Kan atlayamadım diyen şair: Umut Ozan
Şair duygularını, ümitlerini, yani insana dair ne varsa işlediği konuları sesçil biçimde dillendirmiş. Baştan sona kısa ve uzun şiirleri sessizce okumak olanaksız.

Umut Ozan'ın Kan Atlayamadım kitabının kapağı
Tacim ÇİÇEK
Klaros Yayınlarından, Mart 2023’te çıkan Kan Atlayamadım adlı şiir kitabının şairi Umut Ozan’ın asıl adı Bayram Yağ. 1977’de Bozova’da dünyaya gelmiş. İlk, orta ve lise öğrenimini Mersin’de bitirmiş. 2005’te Gaziosmanpaşa Üniversitesi Fen Edebiyat Fakültesi Tarih Bölümünden mezun olmuş. 2010’da da Harran Üniversitesi Sosyal Bilimler Enstitüsünde tezsiz yüksek lisansını tamamlamış. Tarih öğretmeni olarak Mersin’de görevini sürdürüyor.

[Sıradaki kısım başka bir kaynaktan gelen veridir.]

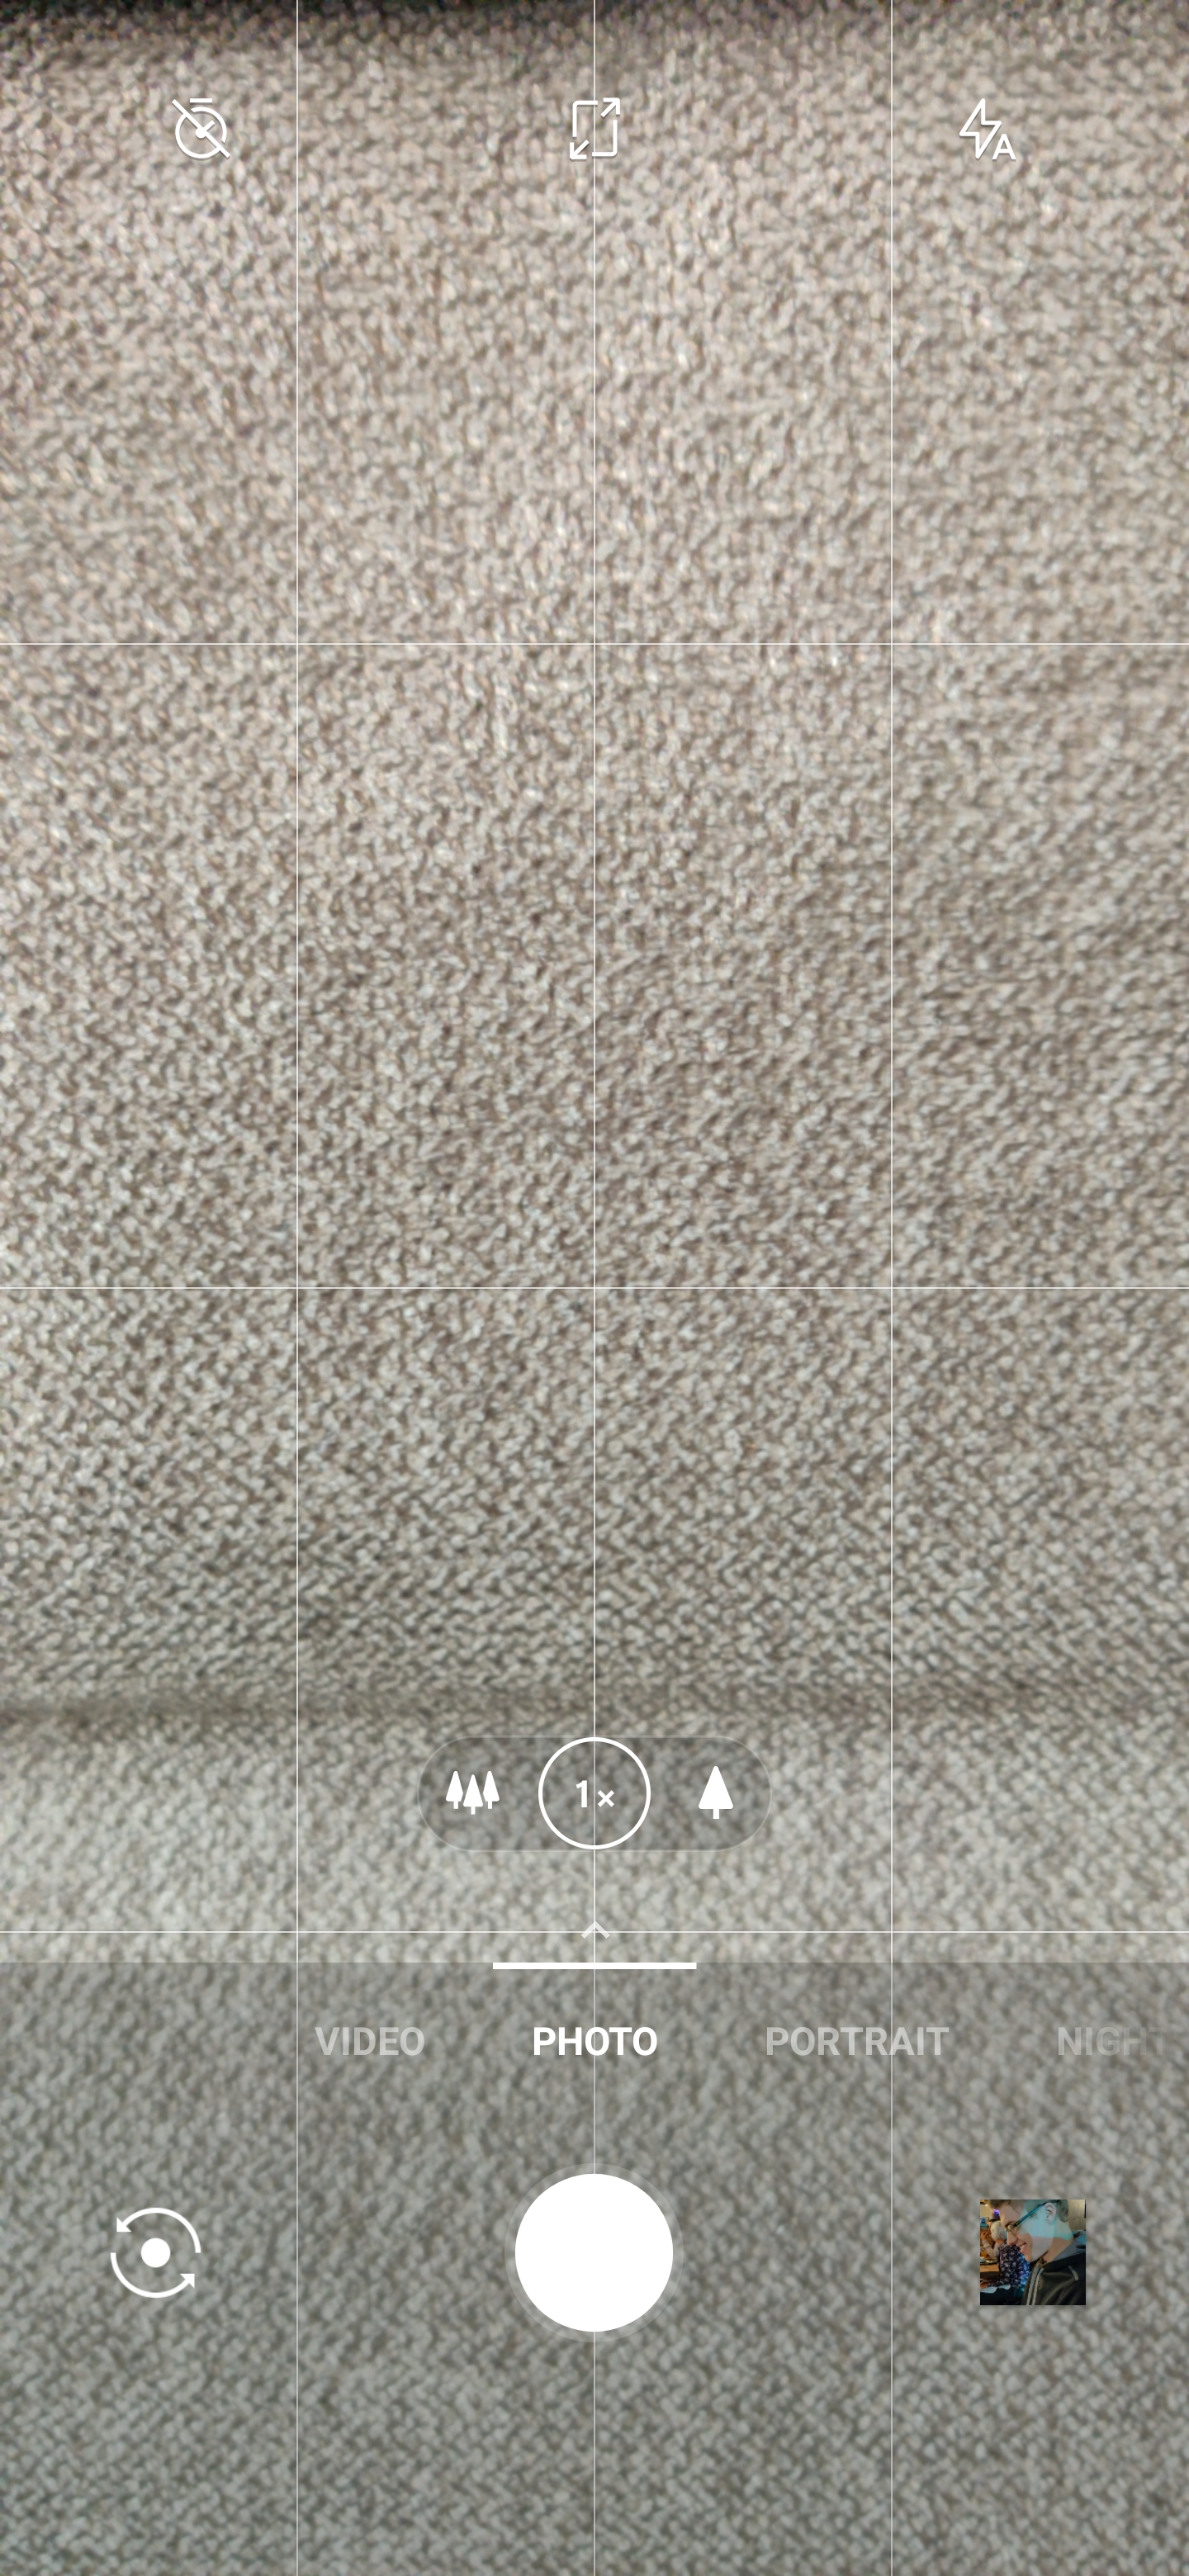 OnePlus 7 Pro camera app 1

Öğrenciliğinden beri kopamadığı okuma tutkusunun yanında şiirler de yazmış. İlkin çevresindekilerden de gizlemiş bunu. Sonunda yapıp edilenin bir biçimde görünür olmak gibi bir eğilimi de olduğundan direnci kırılmış. Böylece yazdığı şiirleri ilkin çevresindekilerle paylaşmış. Nahif ve içten dizeler, okuyanı etkileyince başkalarıyla da paylaşmak kaçınılmaz olmuş. Evrensel Gazetesi Kitap Eki’nde, Dersim’de İklim’de, Güney Dergisi2nde ve Esmer’de şiirleri yayımlanmış. Dergilerde yayımlananlara yenilerini ekleyerek ilk şiir kitabını çıkartmış.

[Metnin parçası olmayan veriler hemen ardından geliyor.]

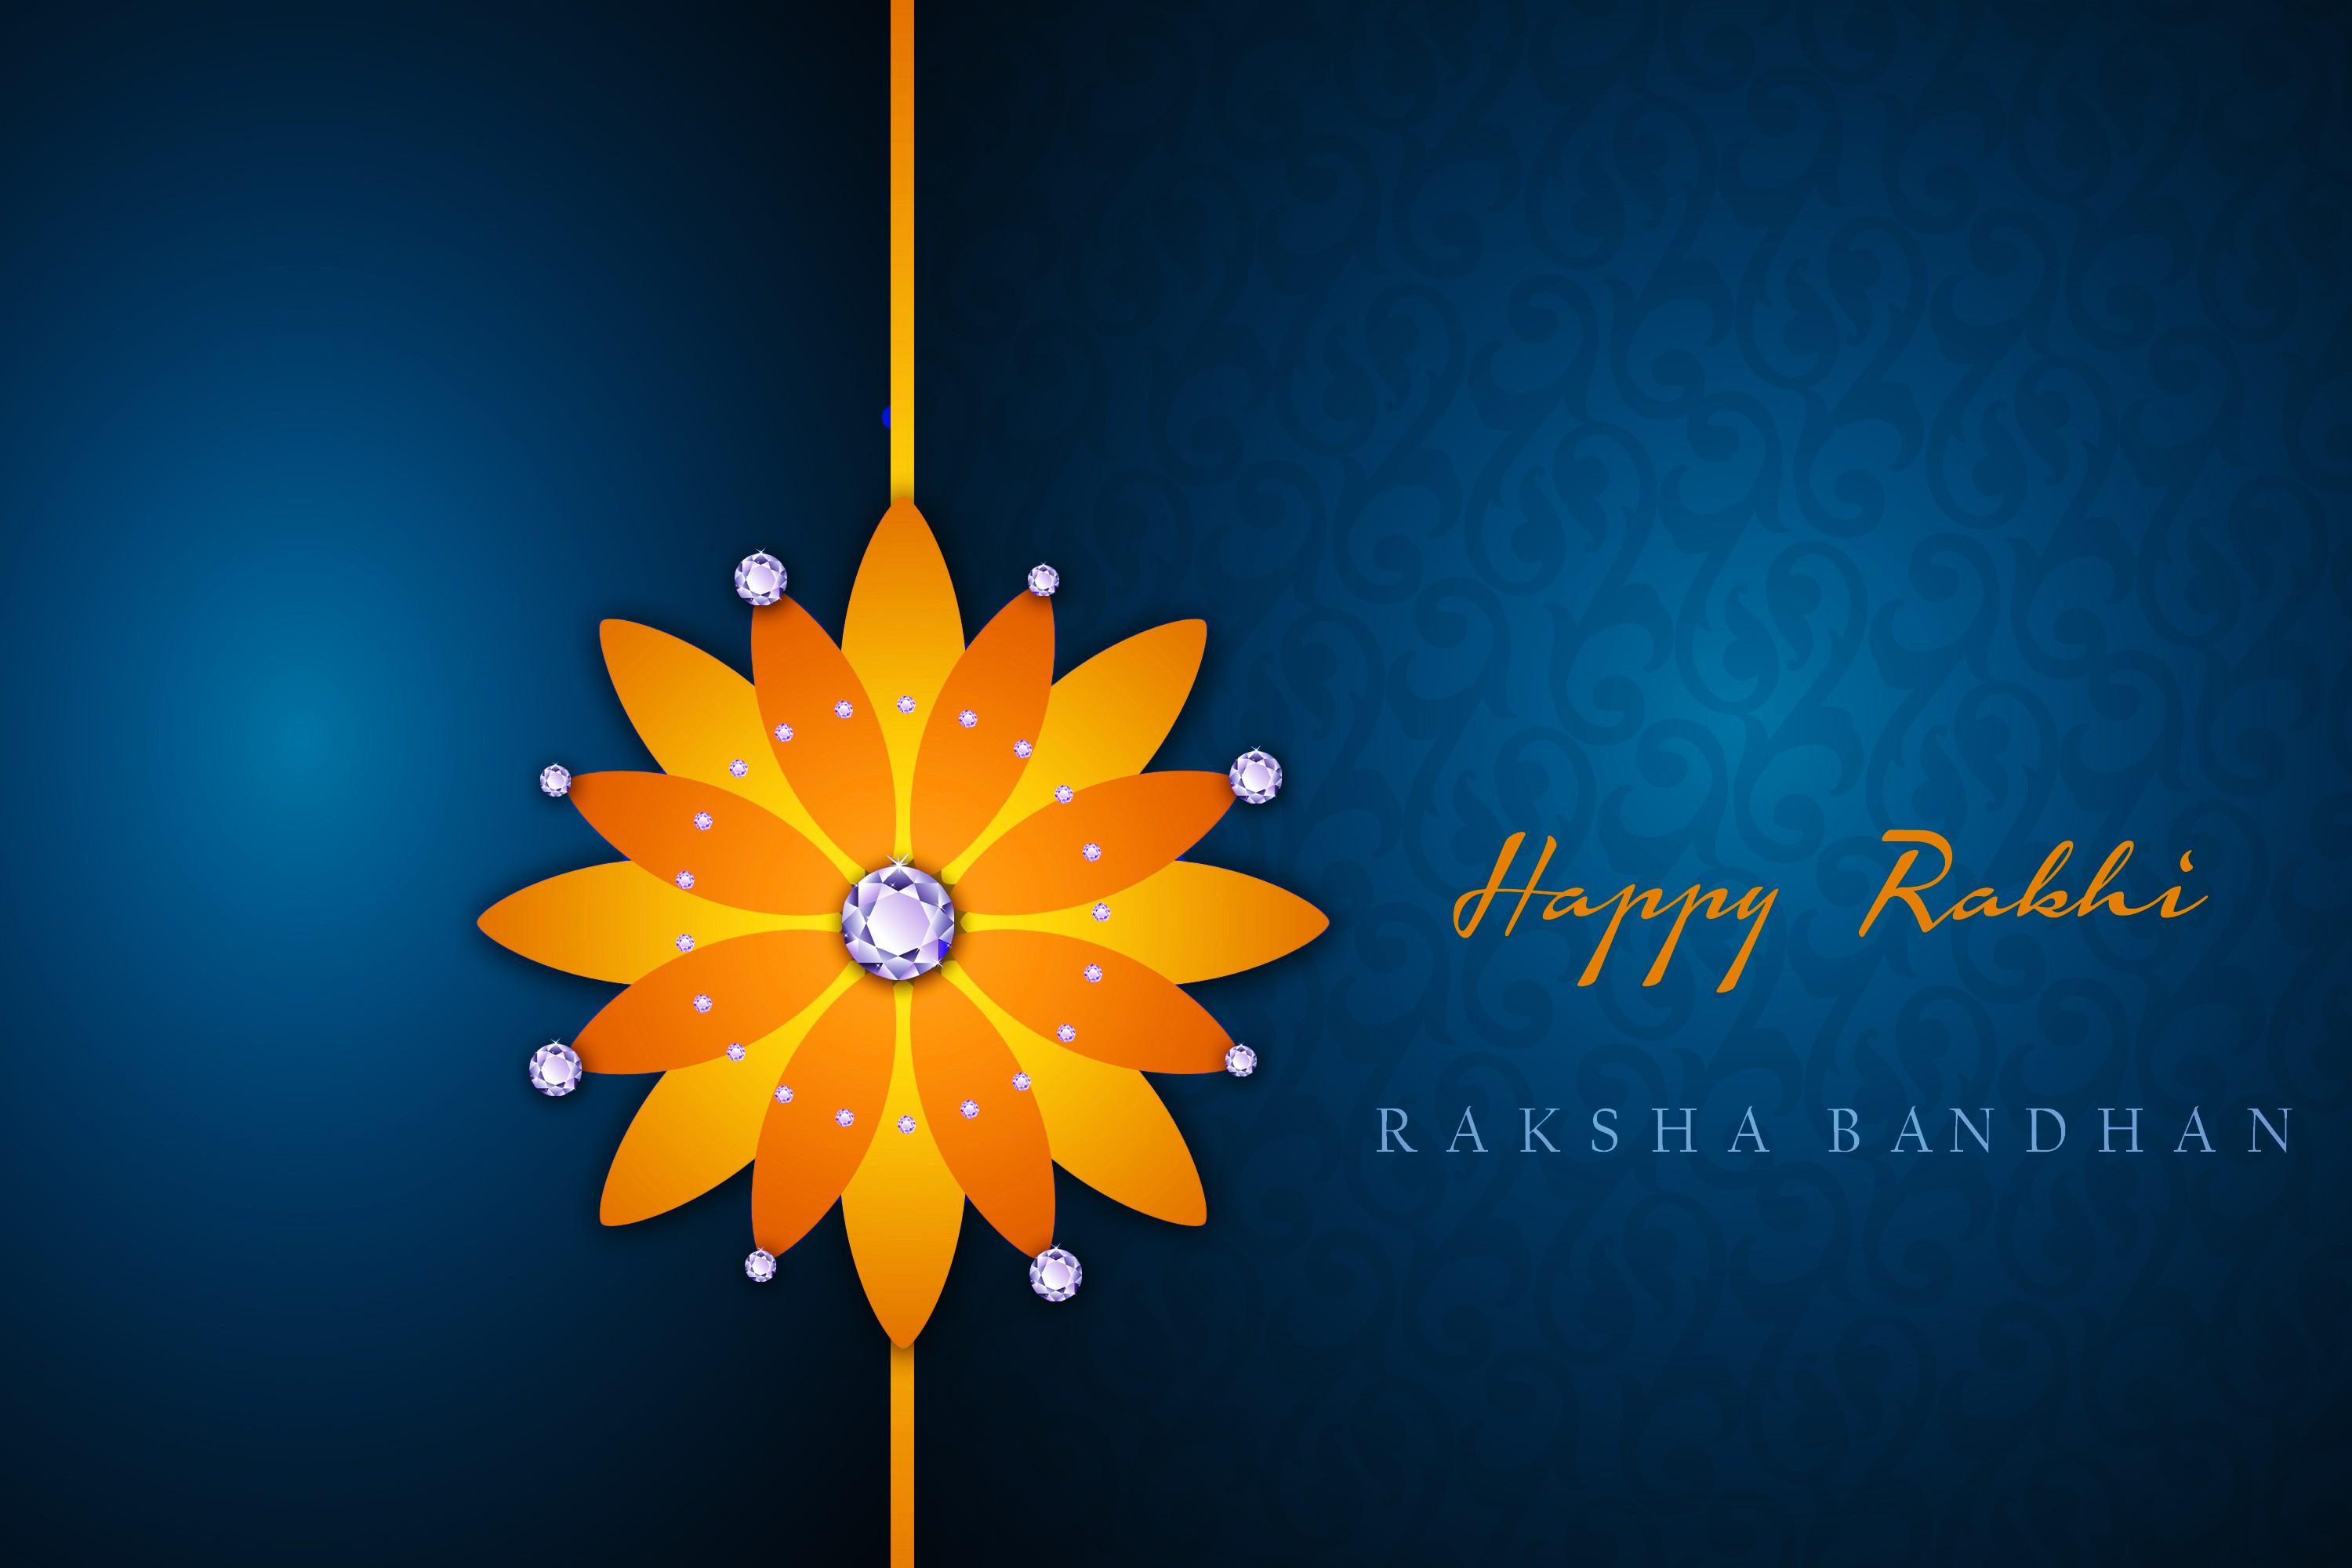 Happy Raksha Bandhan new wishes editing wallpaper HD free

ŞİİRİNDE MÜZİKALİTEYİ SAĞLIYOR
Kendisi de şair olan Hicran Aslan, kitabın arka kapaktaki kısa tanıtım yazısında, "Minimal bir göle dönüştürdüğü hayatına, yıllar geçtikçe yalınlaşan taşlar sektiriyor yazarken" diyor onun için. Ve ekliyor, "Harflerin uçuşunu nasıl şarkı mırıldanır gibi organize ettiğini görüyoruz şiirlerinde" Gerçekten de şair duygularını, ümitlerini, yani insana dair ne varsa işlediği konuları sesçil biçimde dillendirmiş. Baştan sona kısa ve uzun şiirleri sessizce okumak olanaksız. En azından mırıldanır eline alan... Bu dilin berraklığından kaynaklı olduğu gibi, şiirin olmazsa olmazı müzikaliteyi eskilerin uyaklarıyla olmasa da sağlamış olmasının da sonucu. Birkaç nazire şiir dışında da en azından şiirlerinde Ahmed Arif’ten Enver Gökçe’ye, Hasan Hüseyin’den Nâzım Hikmet’e, Özdemir Asaf’tan Ahmet Haşim’e, Orhan Veli’den Edip Cansever’e renkler, tınılar, söylemler gördüm okuduğumda. Bu, şairin şiir belleğinin derinliğinin de bir göstergesi. Onları soğurduğunun ve özümsediğinin de kanıtı…
ASIL DERDİ ANLAMAK VE ANLAŞILMAK
‘Sanma bıkarım / seni düşlerimde taşımaktan / hem ben hiç yorulmam / güneş ardından koşmaktan’ veya ‘konar / kanamış kuş dalına / katar katar olur / eflatun çığlıklar / yangında benekli / kelebeğine uzanır / sevdalı cesur bir yiğit / gülüşü küllerde kalır / kurumuş gül yanağıma / kar tanecikleri dağılır’ da olduğu gibi arı, duru ve sade bir dilden yanadır. Aynı dilde bile anlaşabilmenin olanaksız olduğu bu zorlu süreçte şairin öylesine içten bir dile ve söyleme gereksinim duyması boşuna değil. Anlaşılmak, anlamaktır asıl derdi ve asıl derdimiz de bu olmalı bence.
76 şiirin yer aldığı 94 sayfalık kitabın has şiir okurunun keyifle okuyacağı kıvamda olduğunu söyleyebilirim. Ayrıca, zaten şiir konusunda birçok tanım yapabilmek olası ama aynı şiir tanımında buluşabilmek, anlaşabilmek de olanaksız; işte bu yüzden şiir de şair de parmak izi gibi özel ve özgün bence.